Clarence Verdin

No. 2, 83, 89
- Position: Wide receiver / Punt returner

Personal information
- Born: June 14, 1963 (age 62) Dulac, Louisiana, U.S.
- Listed height: 5 ft 8 in (1.73 m)
- Listed weight: 160 lb (73 kg)

Career information
- High school: South Terrebonne (Bourg, Louisiana)
- College: Southwestern Louisiana
- Supplemental draft: 1984: 3rd round, 83rd overall pick

Career history
- Houston Gamblers (1984–1985); Washington Redskins (1986–1987); Indianapolis Colts (1988–1993); Minnesota Vikings (1994)*; Atlanta Falcons (1994); Tampa Bay Buccaneers (1995)*; BC Lions (1996);
- * Offseason and/or practice squad member only

Awards and highlights
- Super Bowl champion (XXII); 2× Pro Bowl (1990, 1992); NFL kickoff return yards leader (1993); All-USFL (1985);

Career NFL statistics
- Games played: 118
- Games started: 25
- Receptions: 82
- Receiving yards: 1,329
- Return yards: 6,580
- Total Touchdowns: 12
- Stats at Pro Football Reference

= Clarence Verdin =

American football player (born 1963)

Clarence Verdin (born June 14, 1963) is an American former professional football player who was a wide receiver and kick returner in the National Football League (NFL) for the Washington Redskins, Indianapolis Colts and Atlanta Falcons. He also was a member of the Houston Gamblers in the United States Football League (USFL) and the BC Lions in the Canadian Football League (CFL). He played college football at the University of Southwestern Louisiana

==Early life==
Verdin attended South Terrebonne High School. He accepted a football scholarship from the University of Southwestern Louisiana.

==Professional career==
Verdin was selected by the Houston Gamblers in the 17th round (356th overall) of the 1984 USFL draft. He was also selected by the Washington Redskins in the third round (83rd overall) of the 1984 NFL supplemental draft of USFL and CFL players.

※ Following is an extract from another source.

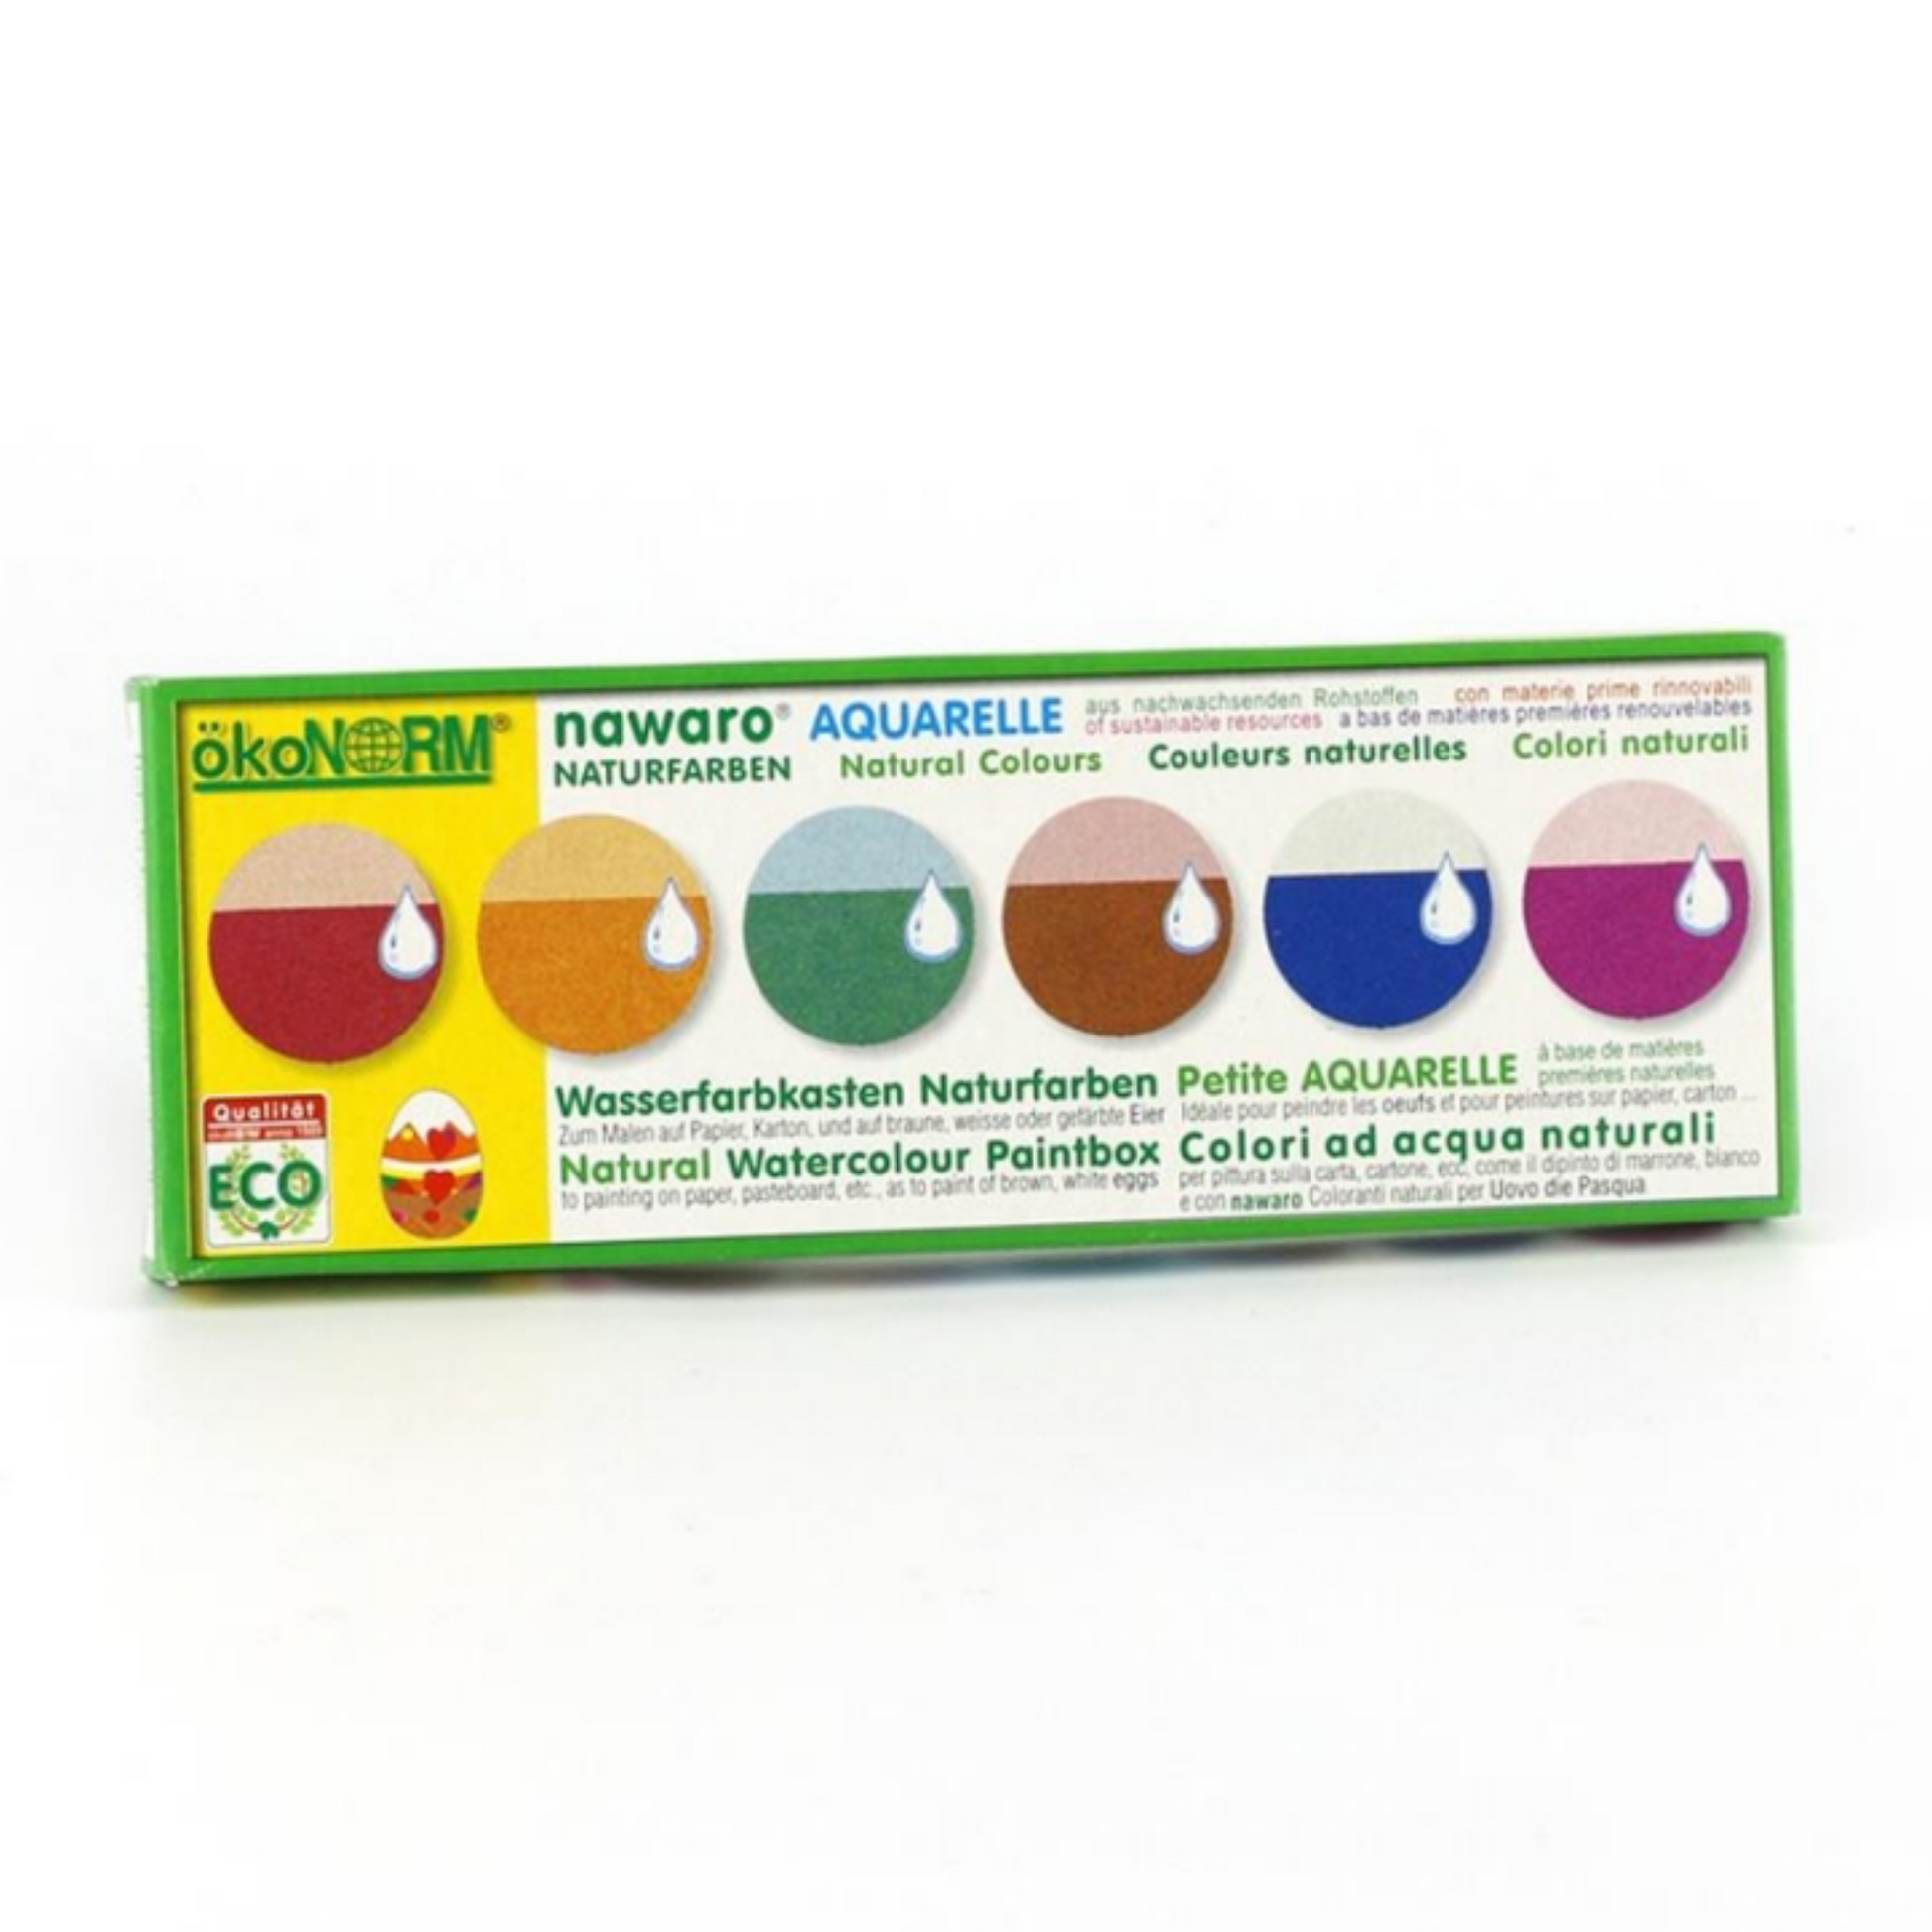 okoNORM Natural Watercolour Paints | Vegan – Plant-Based | 6 Vibrant Colours | Box | BeoVERDE.ie

In 1986, he signed with the Washington Redskins after the USFL folded. During his time with the Indianapolis Colts, he was famous for his end-zone celebration known as "The Verdance". He was selected for two Pro Bowls as a punt returner.

In 1996, he signed as a free agent with the BC Lions of the Canadian Football League, but was released after five games.